The Bamital botnet had ensnared millions of PCs in a click-jacking scheme.

Microsoft and Symantec believe they have shut down the so-called Bamital botnet. Experts believe the botnet may have infected as many as 8 million systems and that it earned millions of dollars for its creators.

Ars Technica's Sean Gallagher reported, "A botnet that redirected clicks from millions of PCs has been shut down by Microsoft and Symantec, at least for the moment. Based on the fraudulent traffic generated by the Bamital botnet, the two companies estimate that its operators netted more than $1 million a year by redirecting unsuspecting computer users to websites they didn't intend to go, cashing in on the traffic with online advertising networks."

Alastair Stevenson with V3.co.uk explained, "The Bamital botnet intercepted victims' requests from search engines like Google, Yahoo and Bing and redirected them to a number of malicious websites. 'Bamital is a malware family whose primary purpose is to hijack search engine results. In addition, Bamital generates non-user initiated network traffic, such as visits to websites and clicks on advertisements, with no user interaction,' Symantec reported."

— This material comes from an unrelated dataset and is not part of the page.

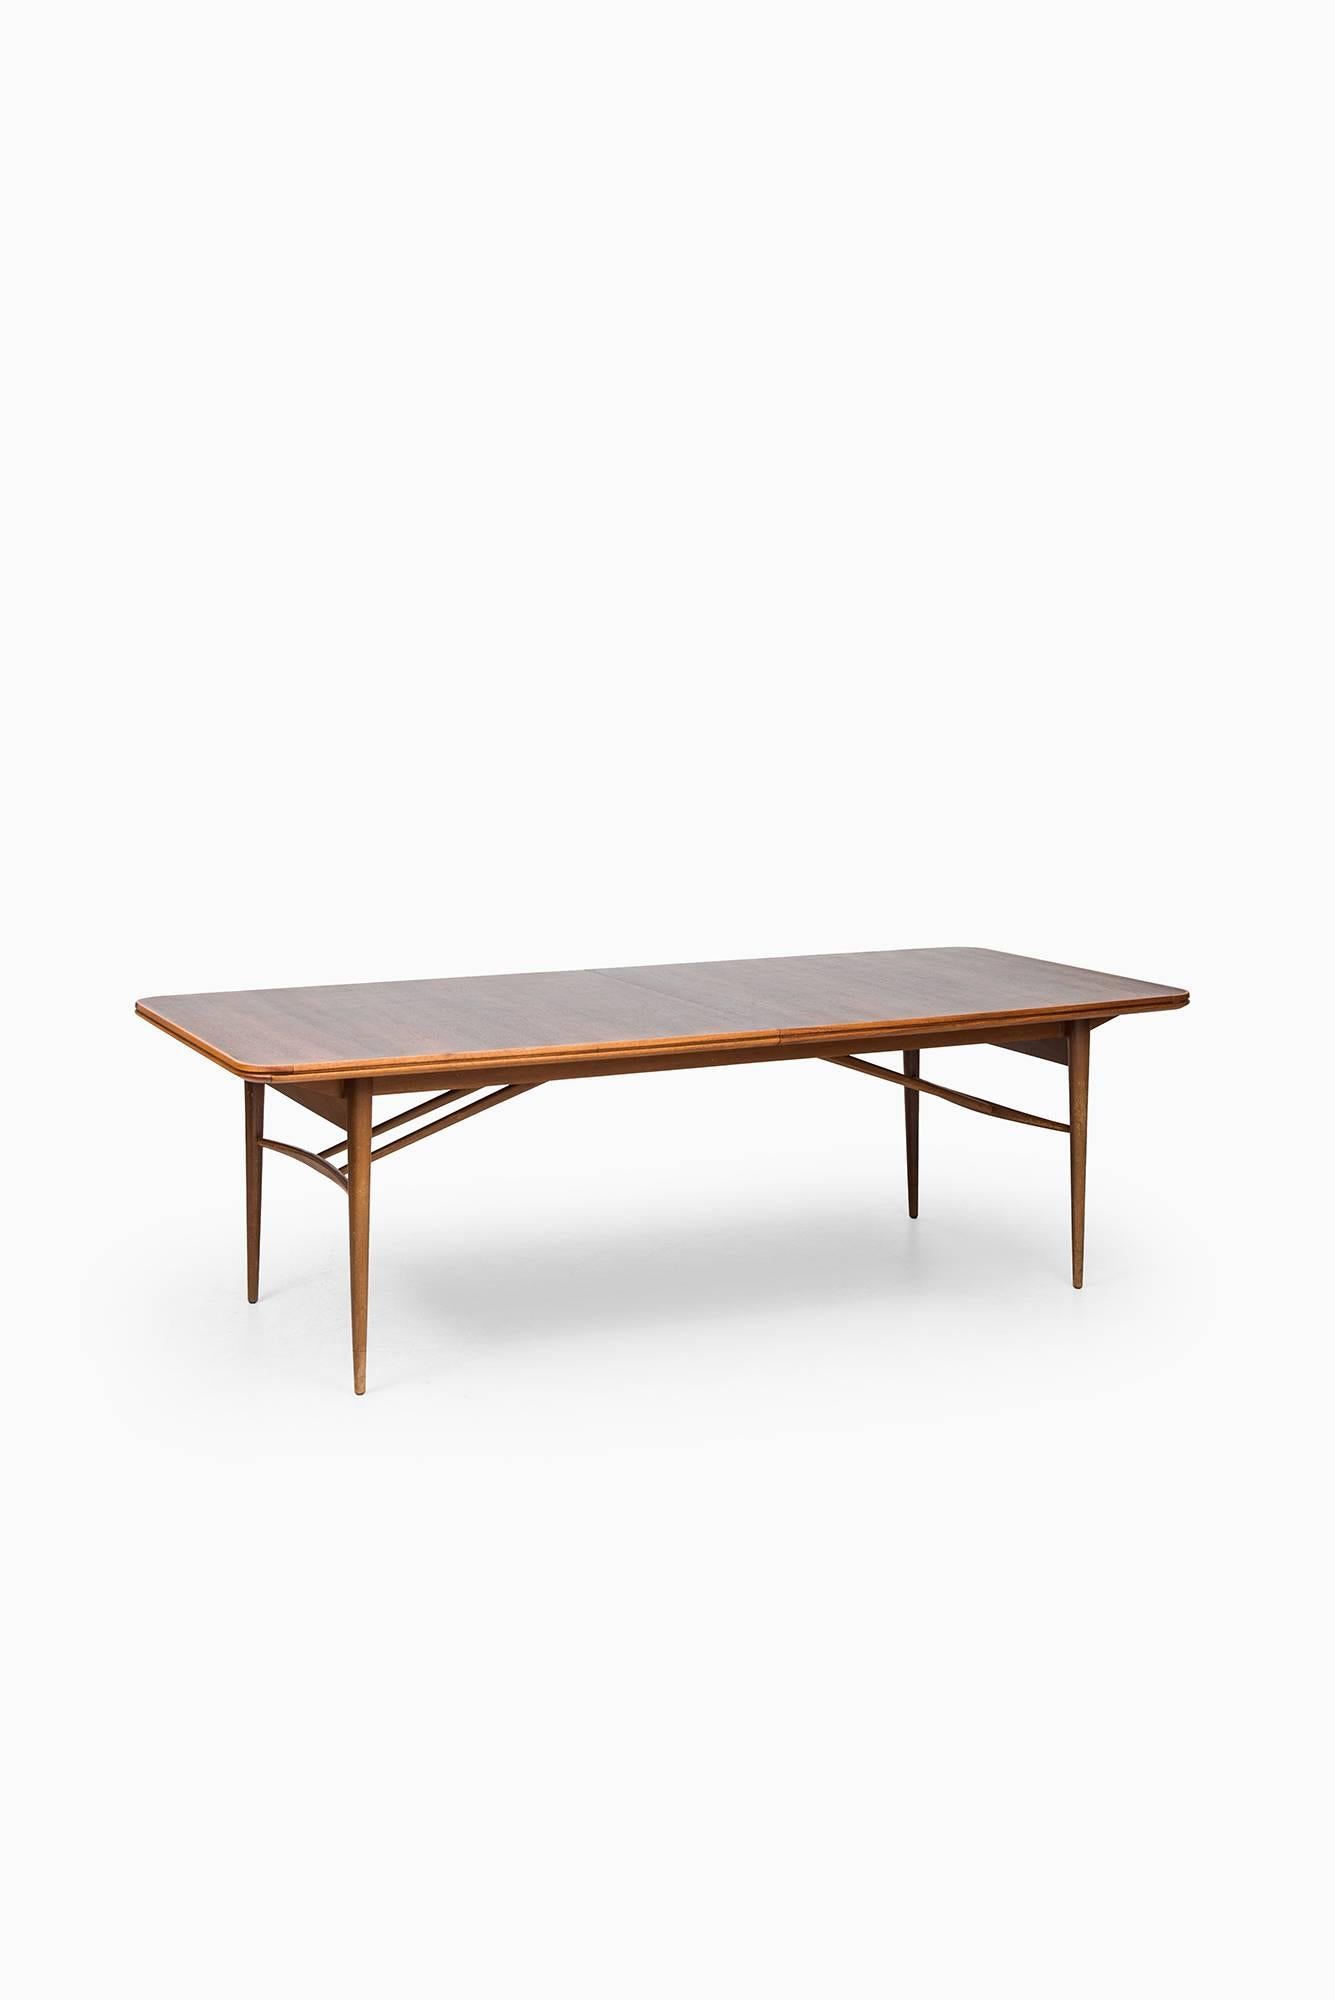 Very rare and large dining table/conference table. Produced in Denmark.

At Krebs on Security, Brian Krebs wrote, "The tech firms said their research shows that in the last two years, more than eight million computers have been attacked by Bamital... According to Microsoft’s lawsuit, Bamital is most often installed via drive-by downloads, which use exploit kits stitched into hacked and malicious Web sites. Microsoft said the bad guys behind the botnet exclusively used the Phoenix Exploit Kit, a malware tool that uses vulnerabilities in Web browsers to silently install malware."

Jim Finkle with Reuters noted, "Technicians working on behalf of both companies raided data centers in Weehawken, New Jersey, and Manassas, Virginia, on Wednesday, accompanied by U.S. federal marshals, under an order issued by the U.S. District Court in Alexandria, Virginia. They seized control of one server at the New Jersey facility and persuaded the operators of the Virginia data center to take down a server at their parent company in the Netherlands, according to Richard Boscovich, assistant general counsel with Microsoft's Digital Crimes Unit. Boscovich told Reuters that he had 'a high degree of confidence' that the operation had succeeded in bringing down the cyber crime operation, known as the Bamital botnet. 'We think we got everything, but time will tell,' he said."